Смятый, от удара меча, шлём скифского царя играл бликами в лучах диска слепящего. Ковыль застыл и не шевелился. Костя зажмурился.

Глава первая. СТАРИК

Приазовье: западнее Миуса урочище «Сухая балка». Середина июля 311 г до р. Х.р.

Солнце слепит и печёт до немогу. Язык шершавый и сухой как спина ящерицы и окружающий ландшафт степной зоны. Не получается глотать, больно. Жара не спадает, а воздух сух, как песок Сахары и недвижен. Диск слепящего бога Хораса в зените; солнце выпалило и иссушило в округе всё живое… В низине ещё можно надеяться на прохладу, но тени и здесь – нет.

Две луны назад здесь зеленел камыш и дарил оглушающий запах, чабрец. Сейчас от камыша остались жёлто-золотистые сухие палки с навершием как на боевом шлёме у воина, а от чабреца – тонкие и чахлые сухие ниточки. Даже здесь не могут спрятаться тысячелистник и сухой «зверобой». Тонкий ковыль, и тот, замер, ожидая дуновения ветерка и желанной вечерней прохлады. Опустил свои иссушенные зноем колючие листья, и оголил ствол, двухметровый чертополох.

Суслик зашевелил усиками, замер, приподнявшись на задние лапки, вслушиваясь во встревоженную тишину беспробудного зноя. Он снова шевельнул усиками и повернулся в сторону нарушителей его размеренной и скучной жизни и насторожился. Привычные запахи и звуки изменились. Суслик поднялся на высокий камень и снова всмотрелся в плывущее марево и приближающихся незваных гостей.

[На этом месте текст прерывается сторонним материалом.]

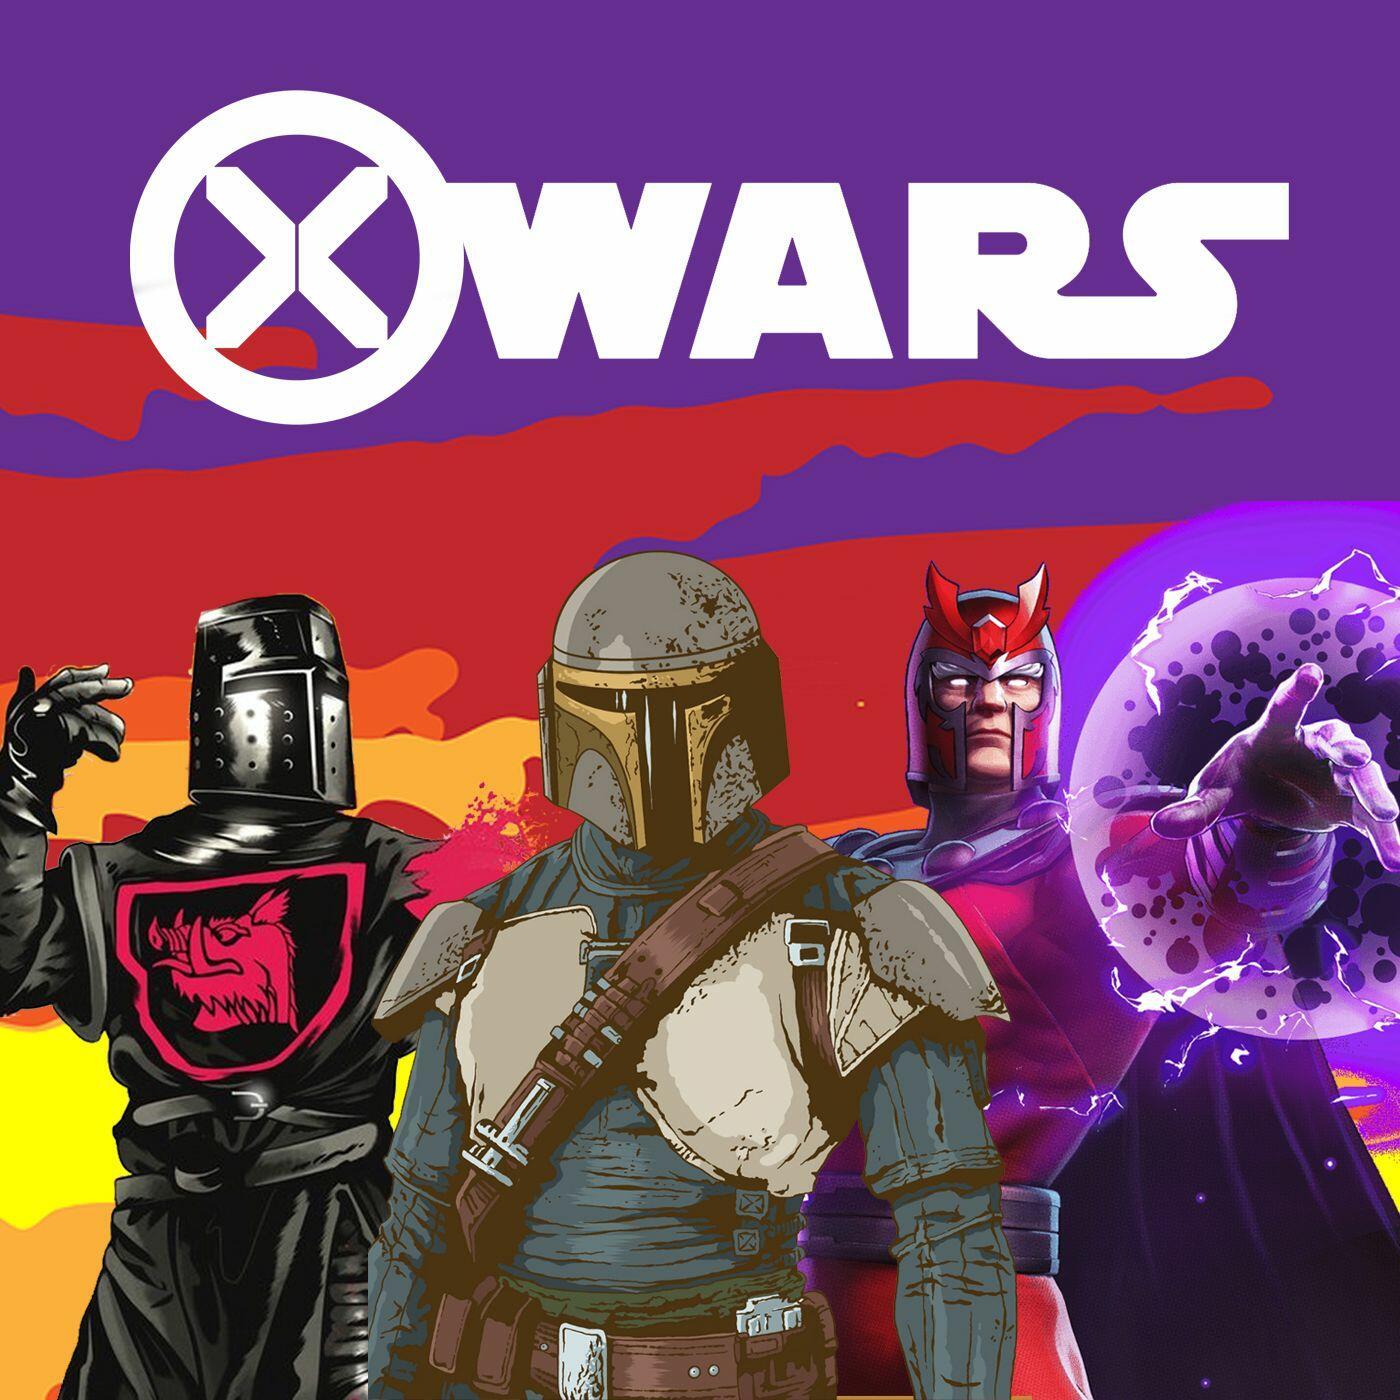 Xwars Podcast

Скрип нарастал и становился громче. Скрипело несмазанное колесо воза, да так, что казалось – скрипит вся ойкумена. Первыми показались два всадника. Они, прищурясь, всматривались в предстоящий подъём из балки и покачивались в сёдлах в такт ленивому ходу их кобылиц. На разговор у них не было ни желания ни сил. Они устали от этой беспросветной и всепоглощающей жары. Позади, два вола уныло тянули гружённый, тяжеленный воз, лениво отгоняя хвостами надоедающих слепней… Именно на этом возу противно скрипело несмазанное колесо, а вслед возу катила кибитка, похожая на маленький домик, вместо стен и крыши у которого – дуги веток, переплетённые ивняком сбоку и камышом вверху. Такой себе маленький домик на колёсах. За кибиткой, на длинном поводе был привязан старый неосёдланный мерин. Ему, как и волу, тянущему кибитку, тоже не хотелось идти, – да разве прикажешь хозяину, если сам от него зависим.

Седло мерина внутри кибитки. Положив на него голову, тихо похрапывал старый скиф – каменотёс.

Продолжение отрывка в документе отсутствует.